Print all of the data below exactly as it appears, leaving out every image.

[Dataset excerpt Boundary: Start]

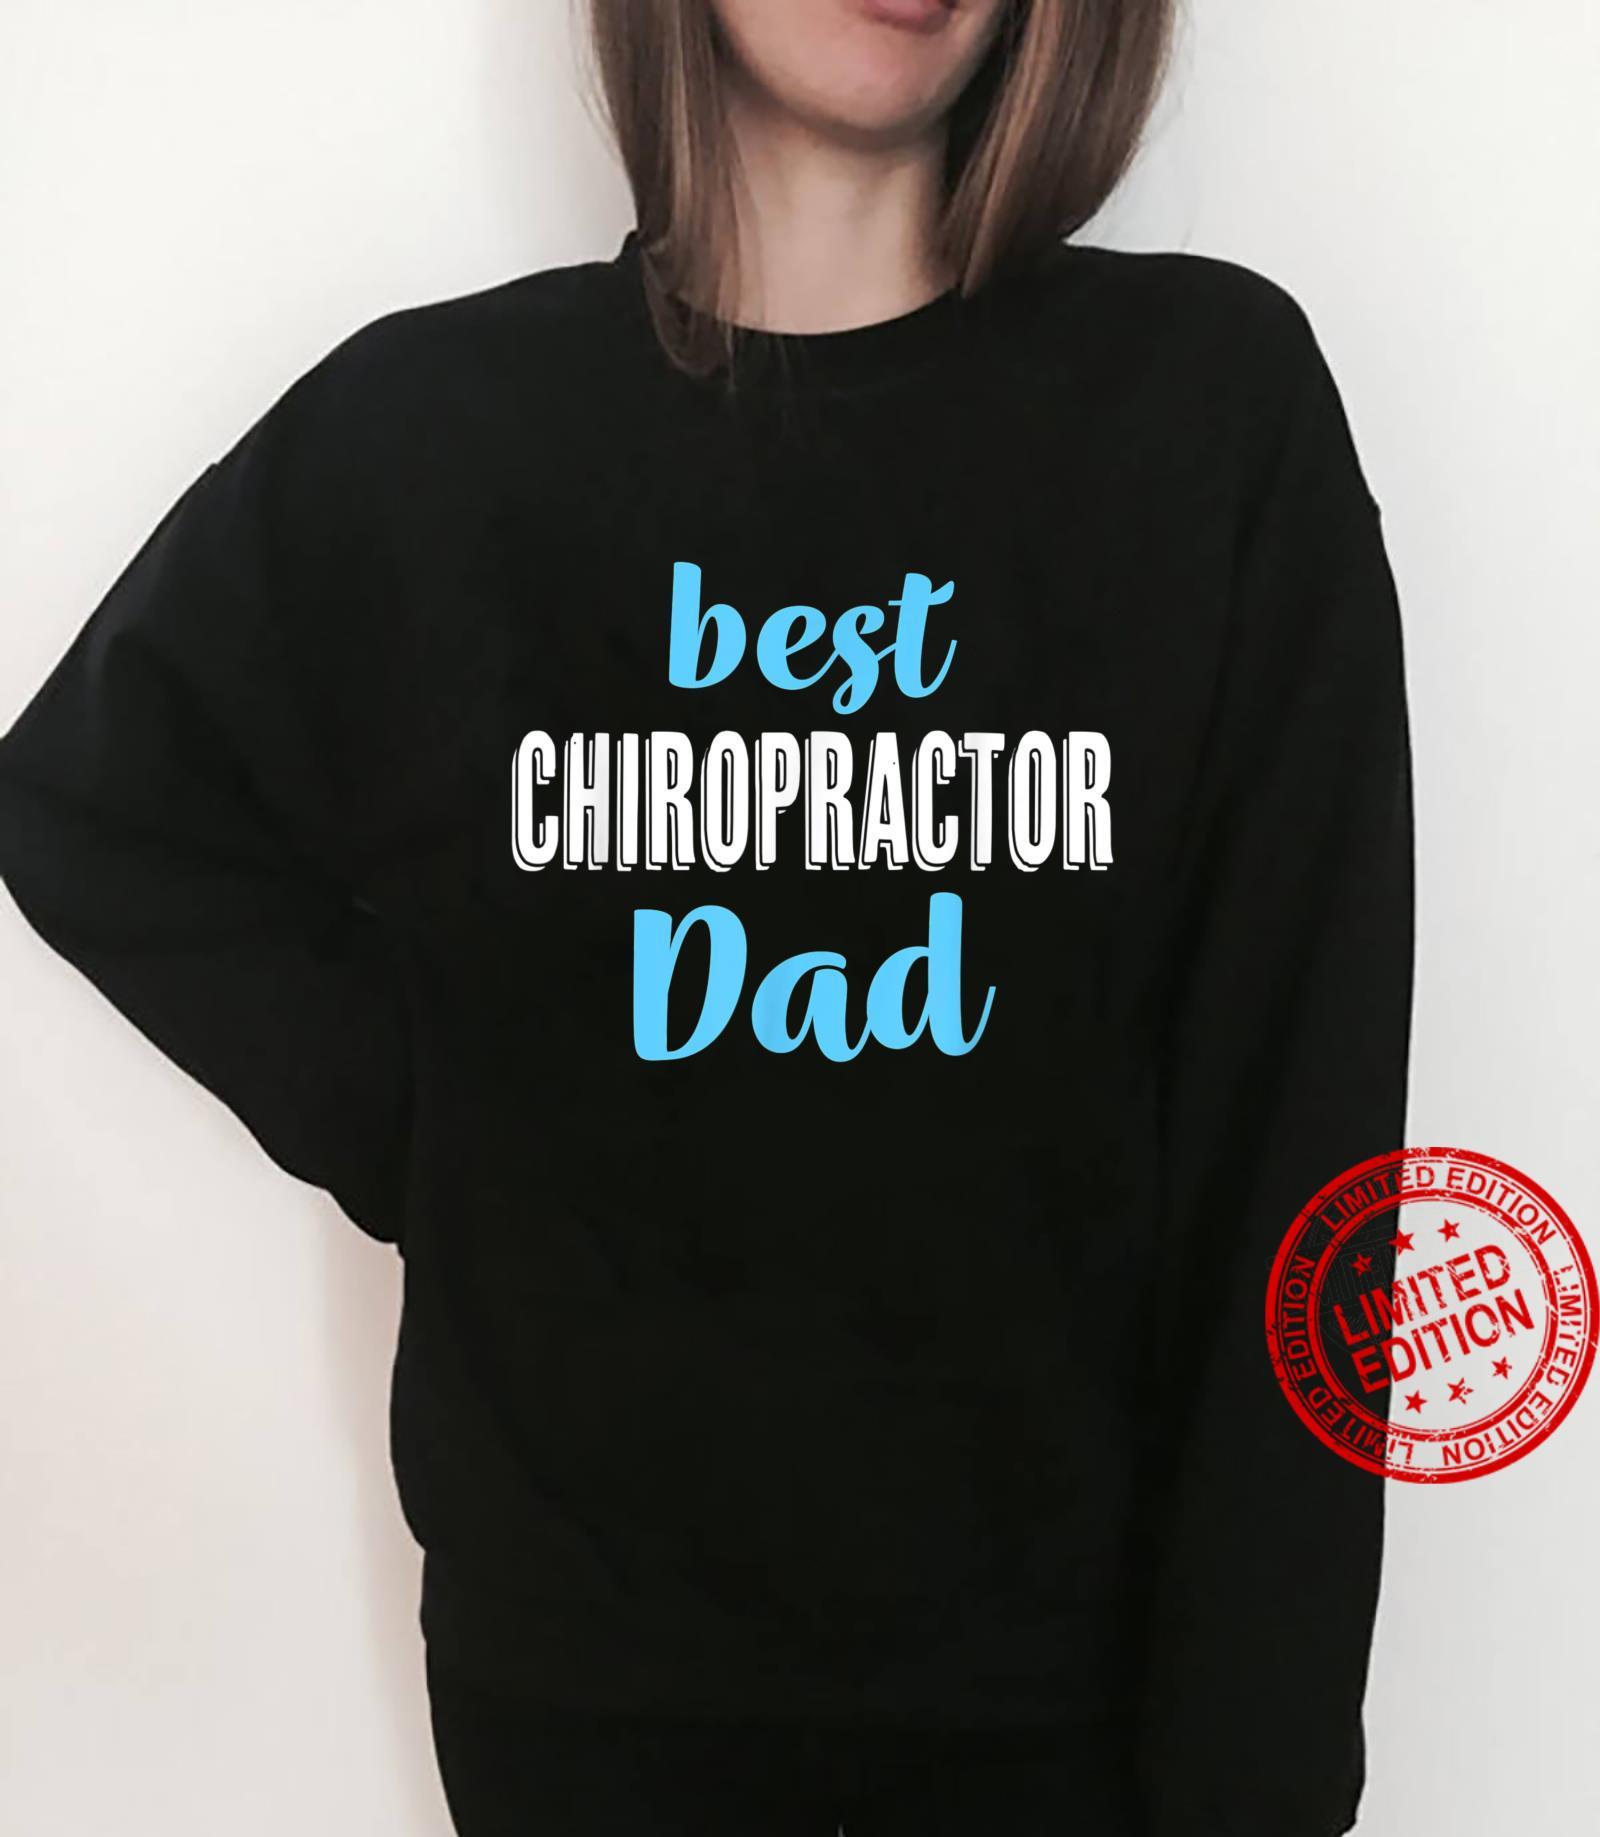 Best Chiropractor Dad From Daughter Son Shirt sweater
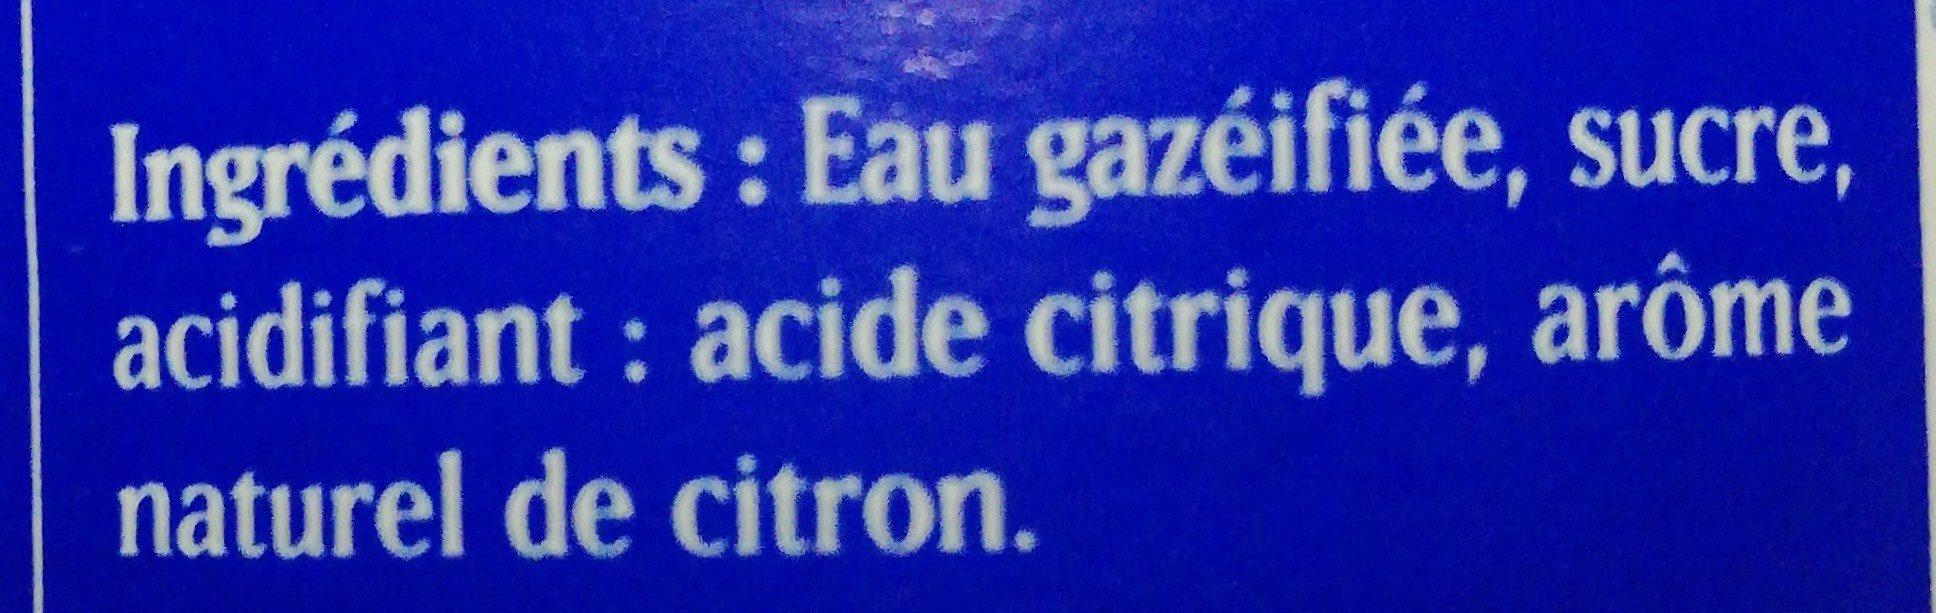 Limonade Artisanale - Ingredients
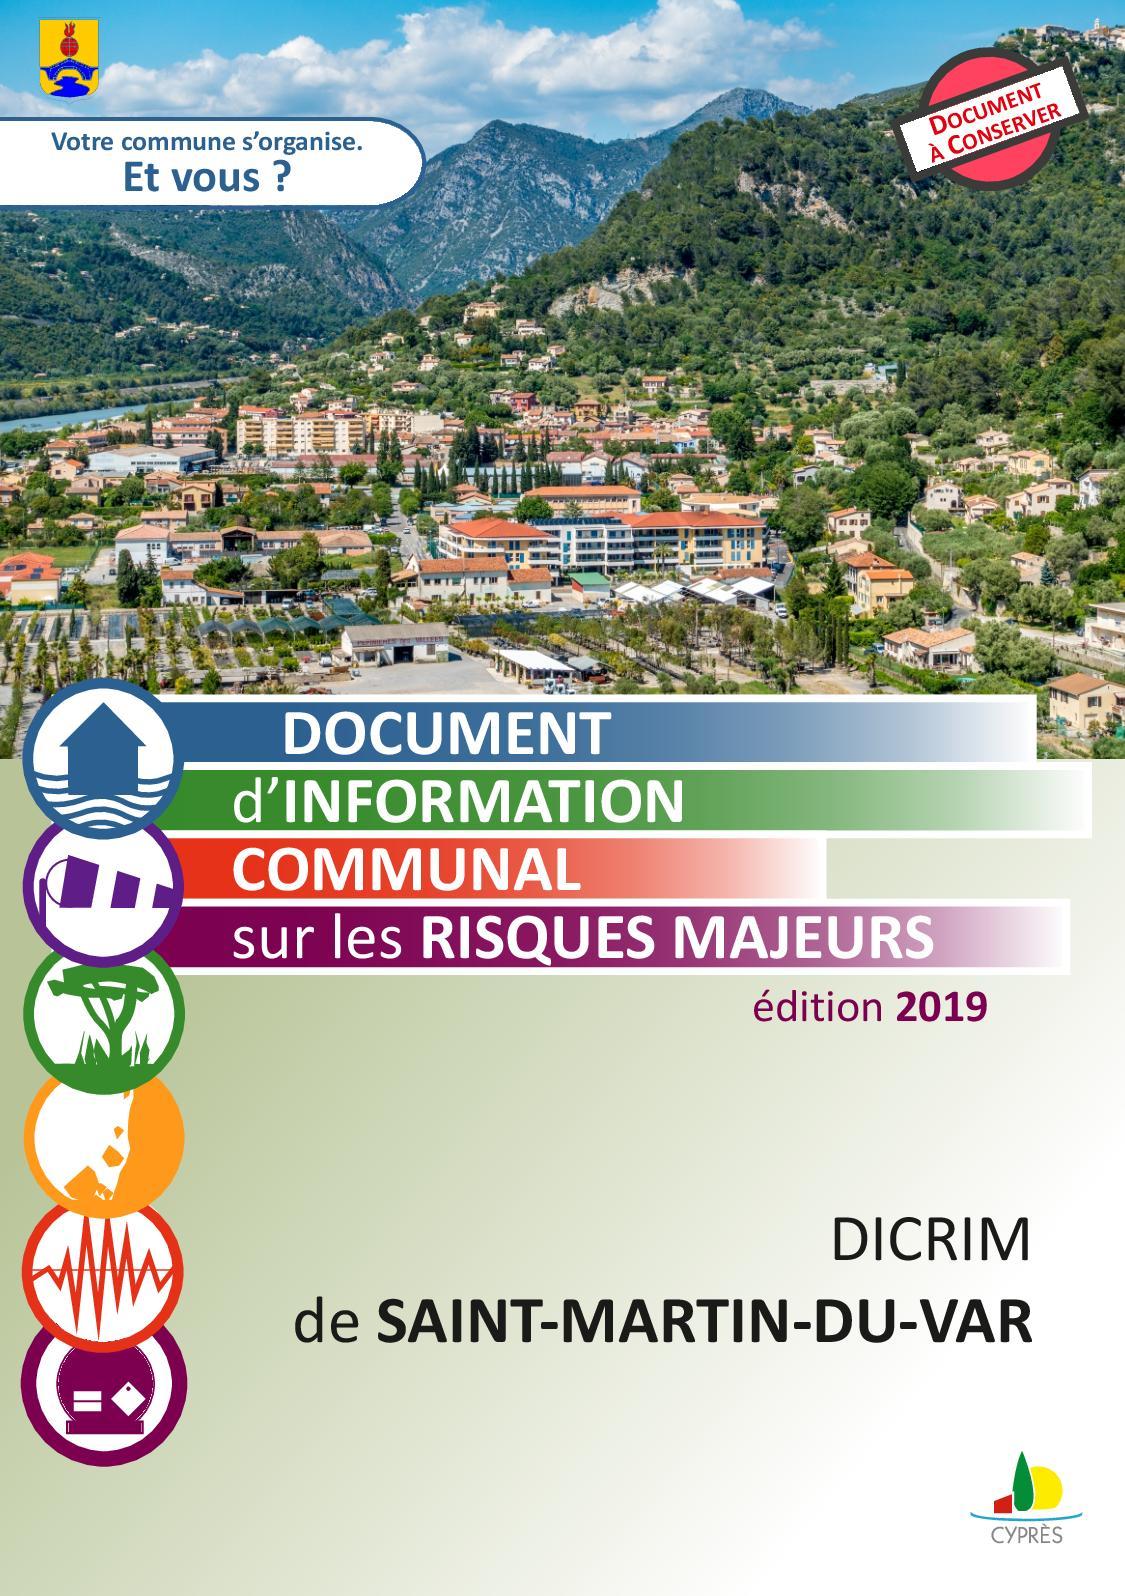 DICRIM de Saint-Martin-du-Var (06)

[Dataset excerpt Boundary: End]

◆ Written reply:
 Best Chiropractor Dad From Daughter Son Shirt sweater
 Limonade Artisanale - Ingredients
 DICRIM de Saint-Martin-du-Var (06)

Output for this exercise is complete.